Task description: Every line of the data below is to be duplicated exactly, pictures excepted.

Dataset content:
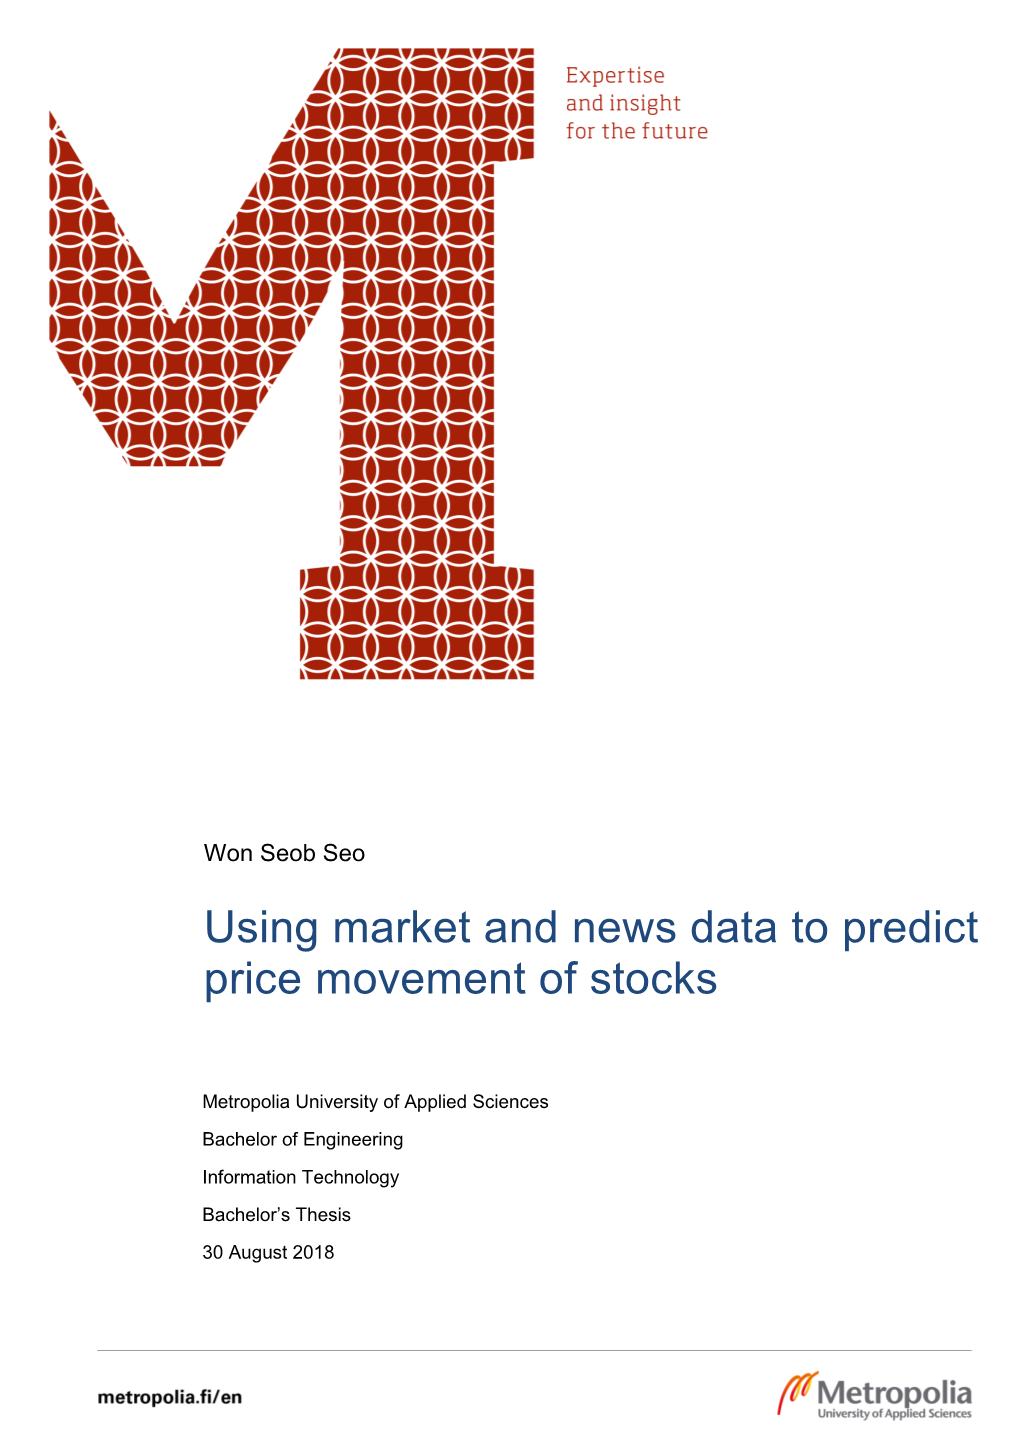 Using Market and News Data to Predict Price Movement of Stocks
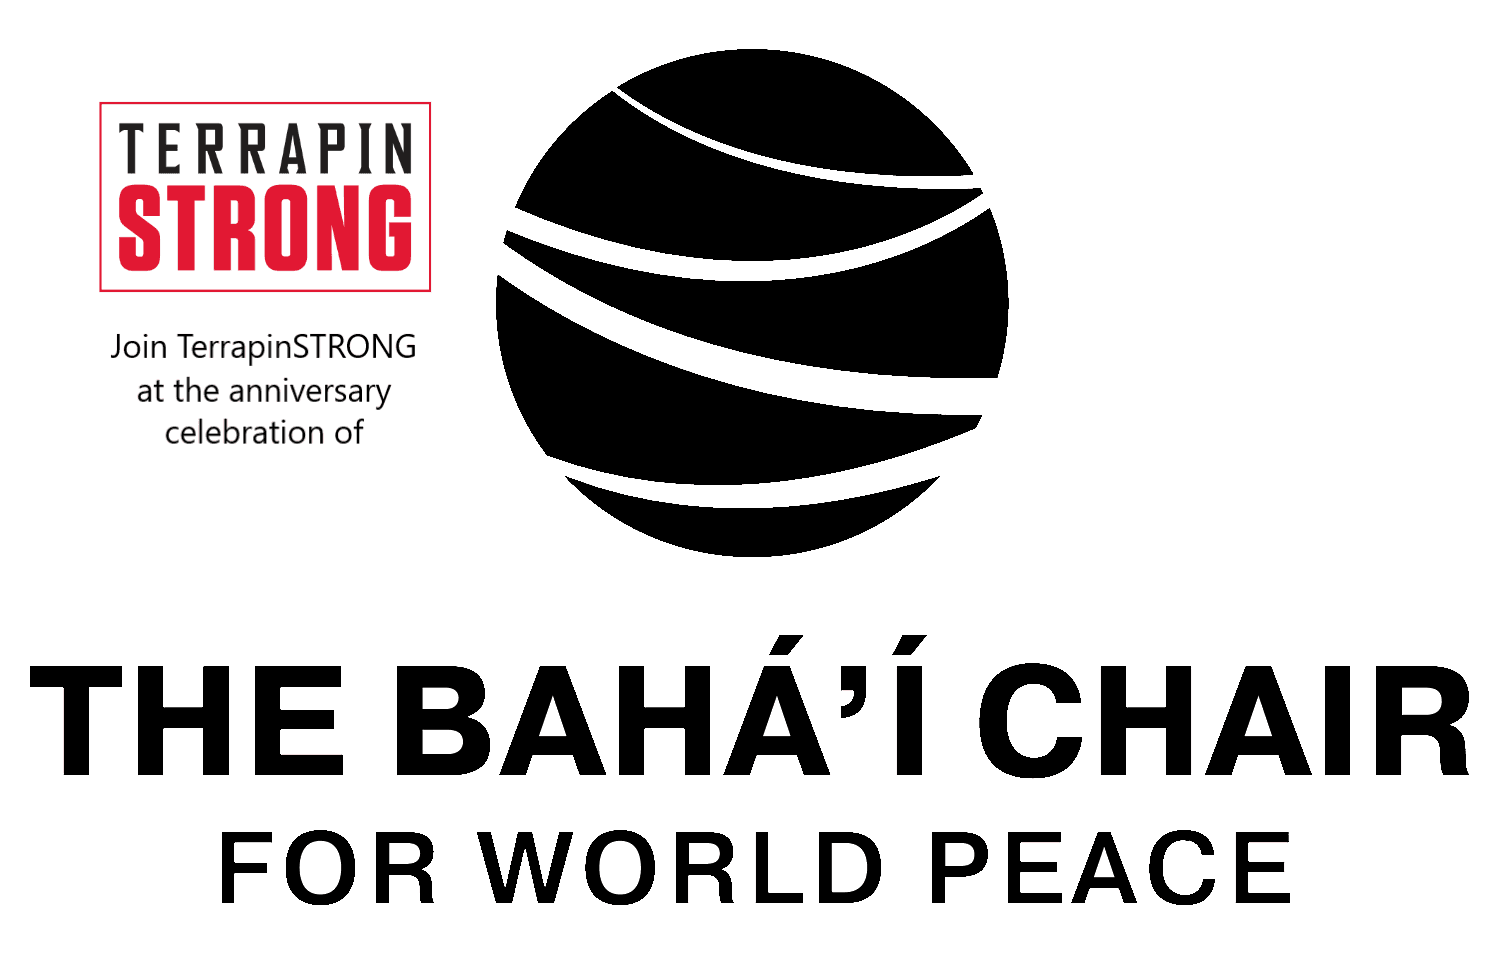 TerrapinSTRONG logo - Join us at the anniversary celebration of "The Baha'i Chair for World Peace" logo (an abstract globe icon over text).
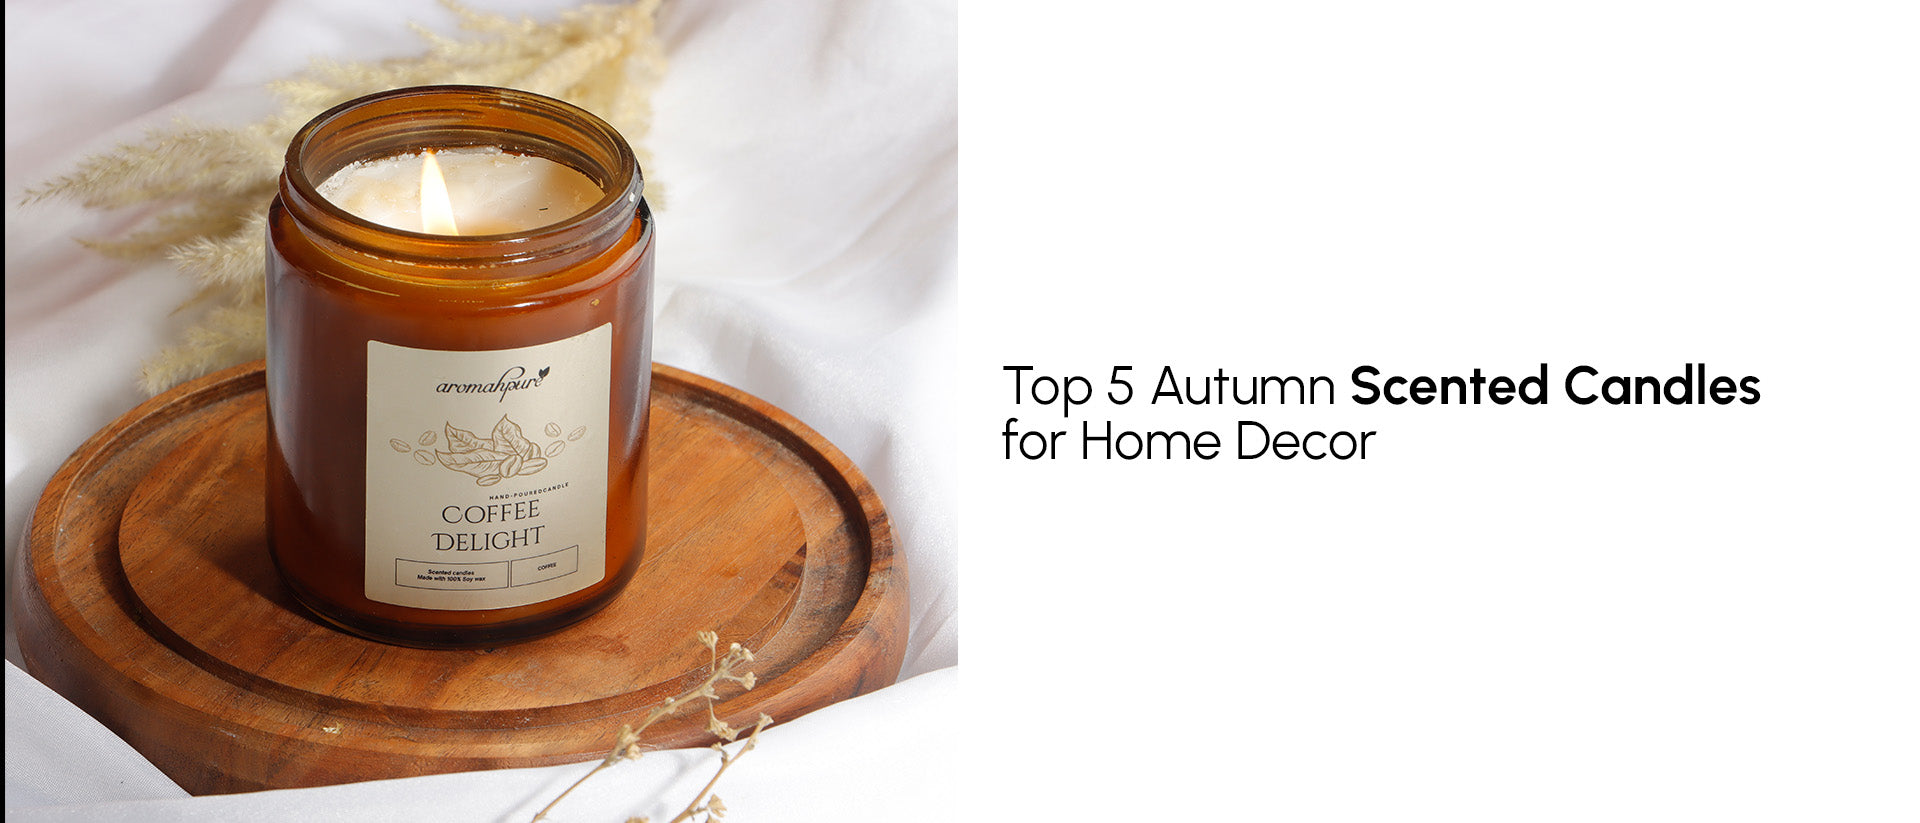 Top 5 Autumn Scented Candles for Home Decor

Written answer:
 Using Market and News Data to Predict Price Movement of Stocks
 TerrapinSTRONG logo - Join us at the anniversary celebration of "The Baha'i Chair for World Peace" logo (an abstract globe icon over text).
 Top 5 Autumn Scented Candles for Home Decor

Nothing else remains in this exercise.